JavaScript Implementation:

class WaveformWFC {
  constructor(inputSamples, patternSize = 10, quantLevels = 256) {
    this.patternSize = patternSize;
    this.quantLevels = quantLevels;
    this.patterns = new Map(); // pattern -> {nextPatterns: Set, count: number}

    // Quantize input [-1, 1] to discrete levels
    this.quantize = (sample) =>
      Math.max(0, Math.min(quantLevels - 1,
        Math.floor((sample + 1) * quantLevels / 2)));

    this.dequantize = (level) =>
      (level / (quantLevels - 1)) * 2 - 1;

    this.extractPatterns(inputSamples);
  }

  extractPatterns(samples) {
    // Build patterns from sliding windows
    for (let i = 0; i < samples.length - this.patternSize; i++) {
      const window = samples.slice(i, i + this.patternSize);
      const quantPattern = window.map(s => this.quantize(s));
      const key = quantPattern.join(',');

      // Track pattern frequency and allowed successors
      if (!this.patterns.has(key)) {
        this.patterns.set(key, { nextPatterns: new Set(), count: 0 });
      }
      const data = this.patterns.get(key);
      data.count++;

      // Record valid next pattern (overlapping window)
      if (i < samples.length - this.patternSize - 1) {
        const nextWindow = samples.slice(i + 1, i + this.patternSize + 1);
        const nextKey = nextWindow.map(s => this.quantize(s)).join(',');
        data.nextPatterns.add(nextKey);
      }
    }
  }

  generateSample(context) {
    // Quantize recent context (patternSize - 1 samples)
    const quantContext = context.map(s => this.quantize(s));
    const contextKey = quantContext.join(',');

    // Find patterns starting with current context
    const candidates = [];
    for (const [pattern, data] of this.patterns) {
      const patternArr = pattern.split(',').map(Number);
      const matchesContext = quantContext.every(
        (val, i) => val === patternArr[i]
      );

      if (matchesContext) {
        // Weight by occurrence frequency
        for (let i = 0; i < data.count; i++) {
          candidates.push(patternArr[patternArr.length - 1]); // Last sample in pattern
        }
      }
    }

    // Fallback: Random sample if no candidates
    if (candidates.length === 0) {
      return Math.random() * 2 - 1; // [-1, 1]
    }

    // Random weighted selection
    const nextLevel = candidates[Math.floor(Math.random() * candidates.length)];
    return this.dequantize(nextLevel);
  }
}

// Usage Example
const audioContext = new AudioContext();
const inputSamples = [...]; // Float32Array from source audio

const wfc = new WaveformWFC(inputSamples);
const outputBuffer = new Float32Array(44100); // 1sec buffer
let context = new Array(wfc.patternSize - 1).fill(0); // Initial silence

for (let i = 0; i < outputBuffer.length; i++) {
  outputBuffer[i] = wfc.generateSample(context);

  // Update context (remove oldest, add new sample)
  context.shift();
  context.push(outputBuffer[i]);
}

// Play generated audio
const buffer = audioContext.createBuffer(1, outputBuffer.length, 44100);
buffer.copyToChannel(outputBuffer, 0);
const source = audioContext.createBufferSource();
source.buffer = buffer;
source.connect(audioContext.destination);
source.start();

Key Optimizations for Real-Time:

Context Hashing:
- Precompute lookup tables for quantized context keys to candidate patterns.
Approximate Matching:
- Use Euclidean distance thresholds for noisy inputs.
Pattern Pruning:
- Discard low-frequency patterns to reduce state space.
Overlap Handling:
- Generate samples in blocks (e.g., 128 samples) to amortize lookup costs.

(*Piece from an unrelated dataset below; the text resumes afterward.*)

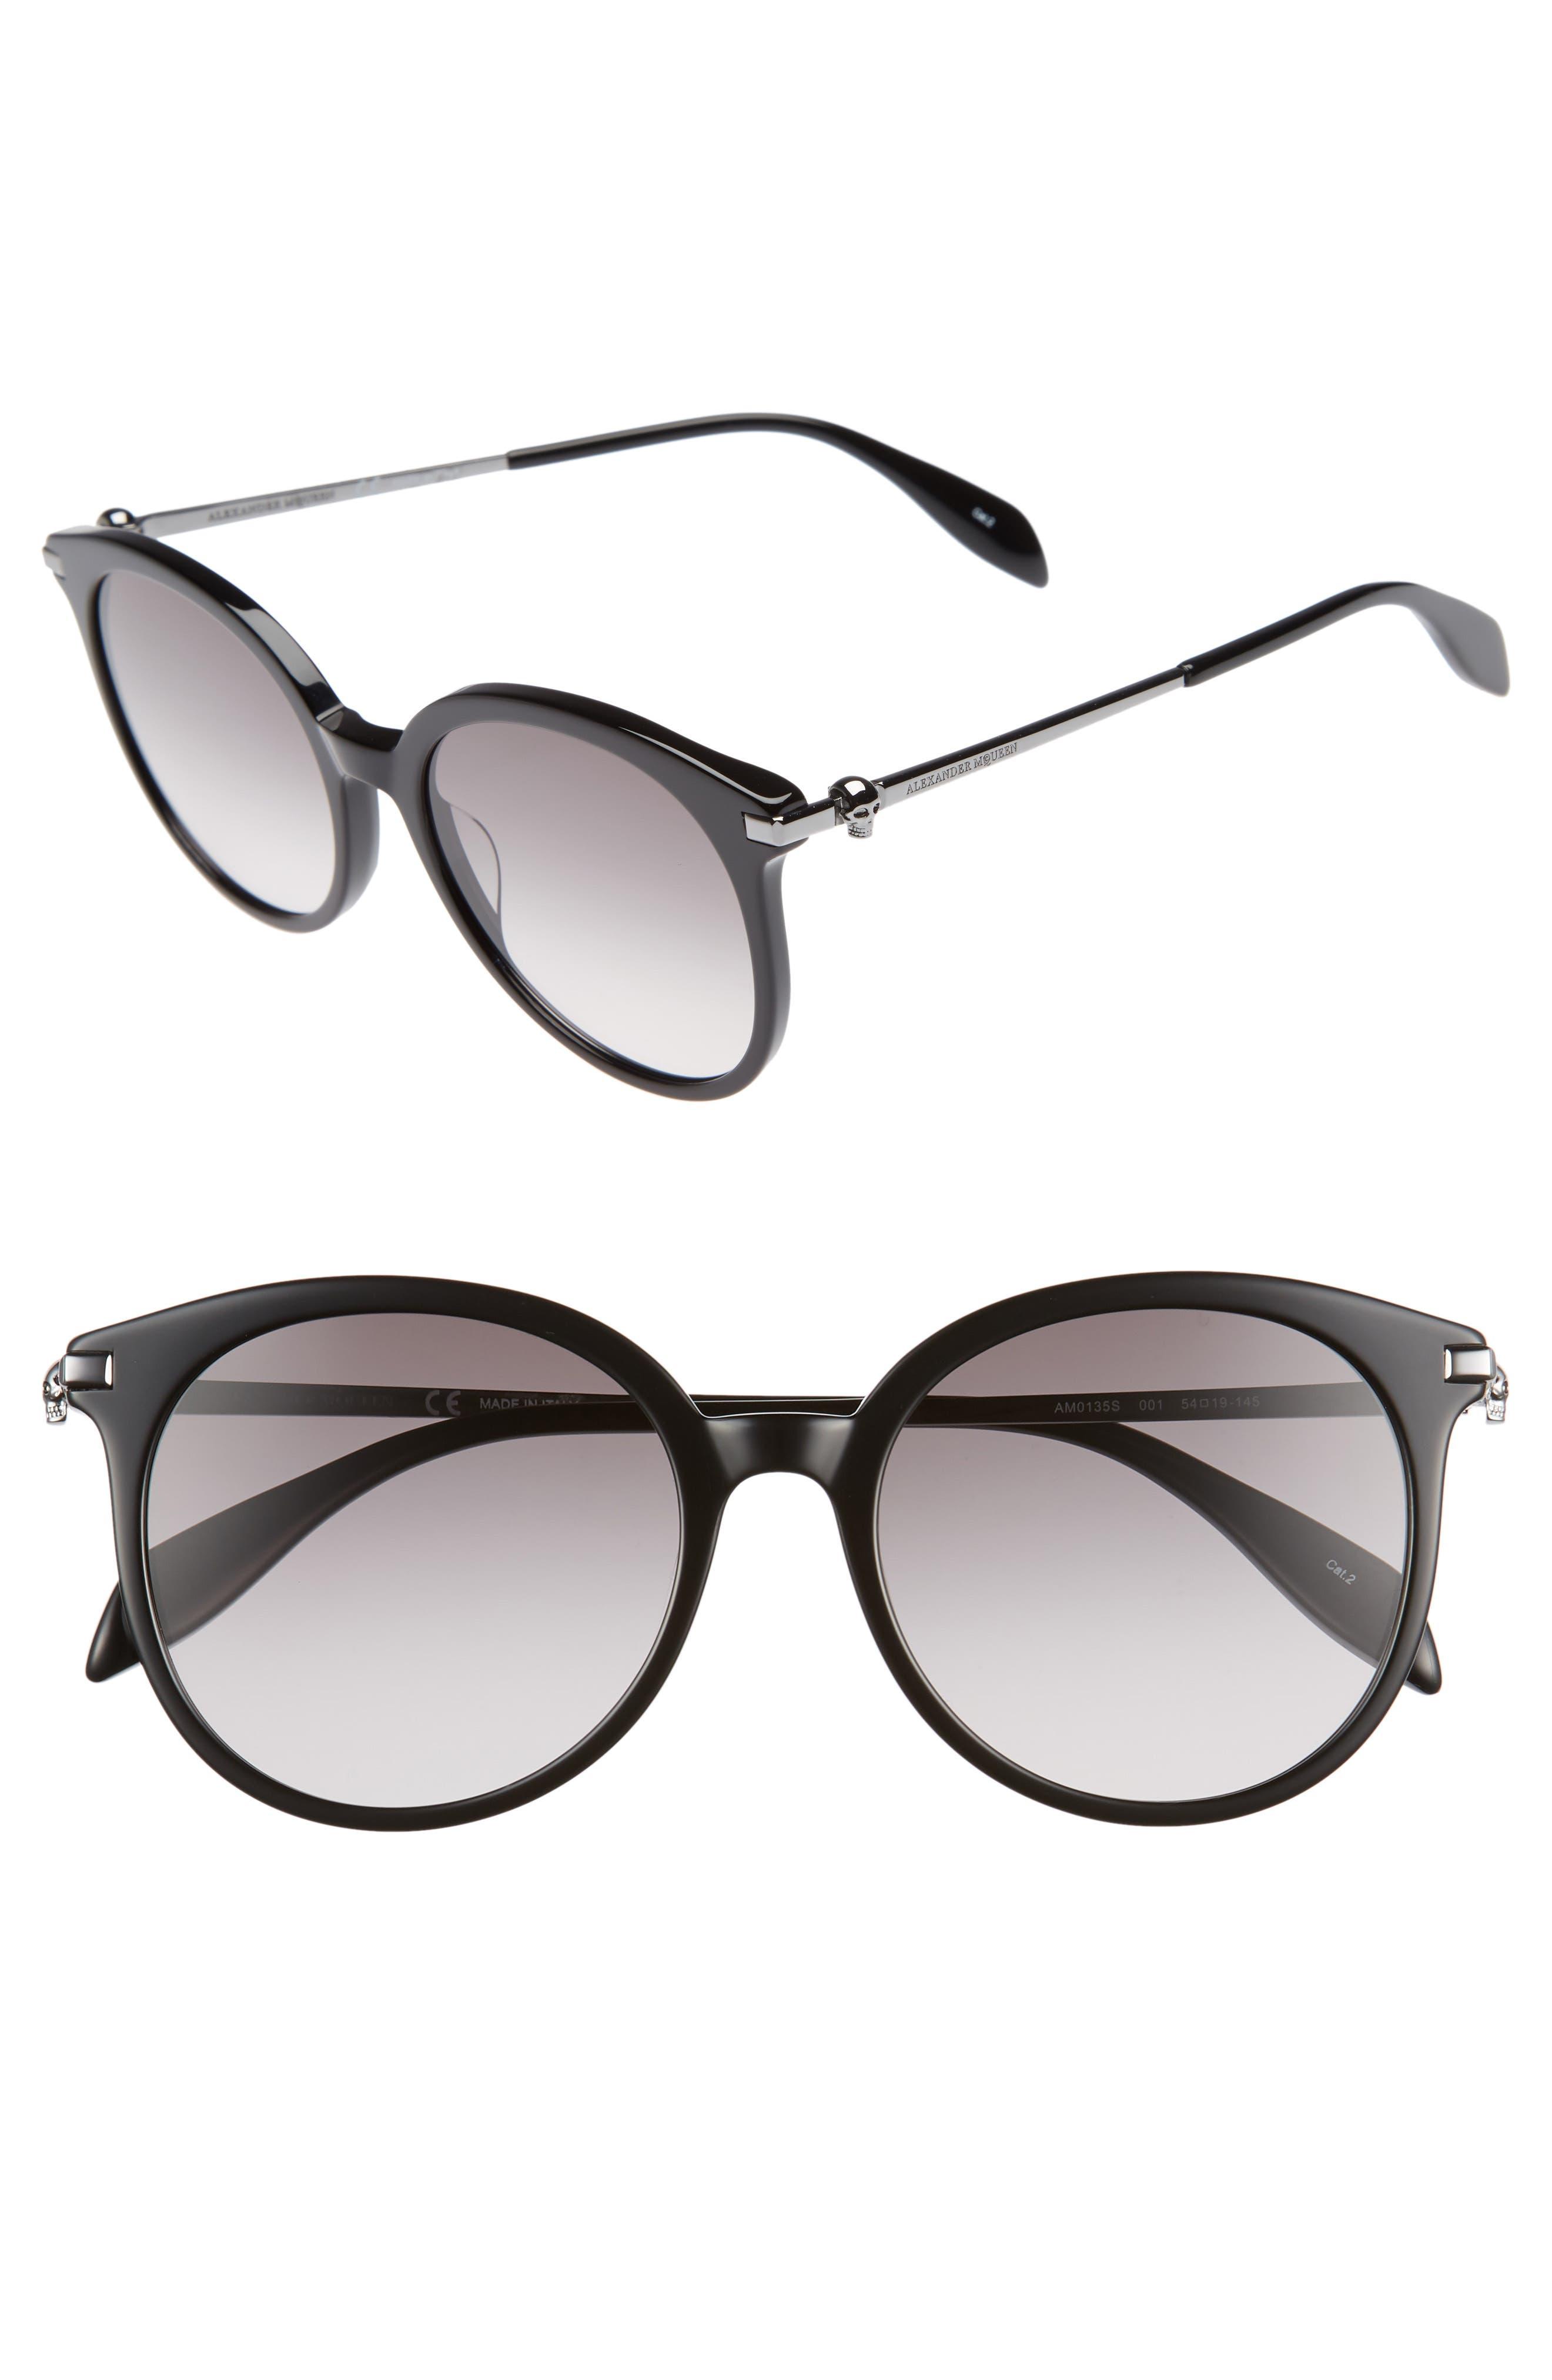 54mm Gradient Lens Round Sunglasses,                         Main,                         color, Dark Ruthenium/ Black

How Structure is Preserved:

Local Constraints:
- Transition rules enforce that amplitude sequences (e.g., attack-decay in notes) replicate input behaviors.
Global Coherence:
- Weighted pattern selection maintains statistical properties (e.g., amplitude distribution).
Continuity:
- Overlapping context buffers prevent discontinuities between generated segments.

This approach mirrors WFC's constraint-solving in a temporal domain, transforming input waveforms into novel outputs with similar micro/macro structures.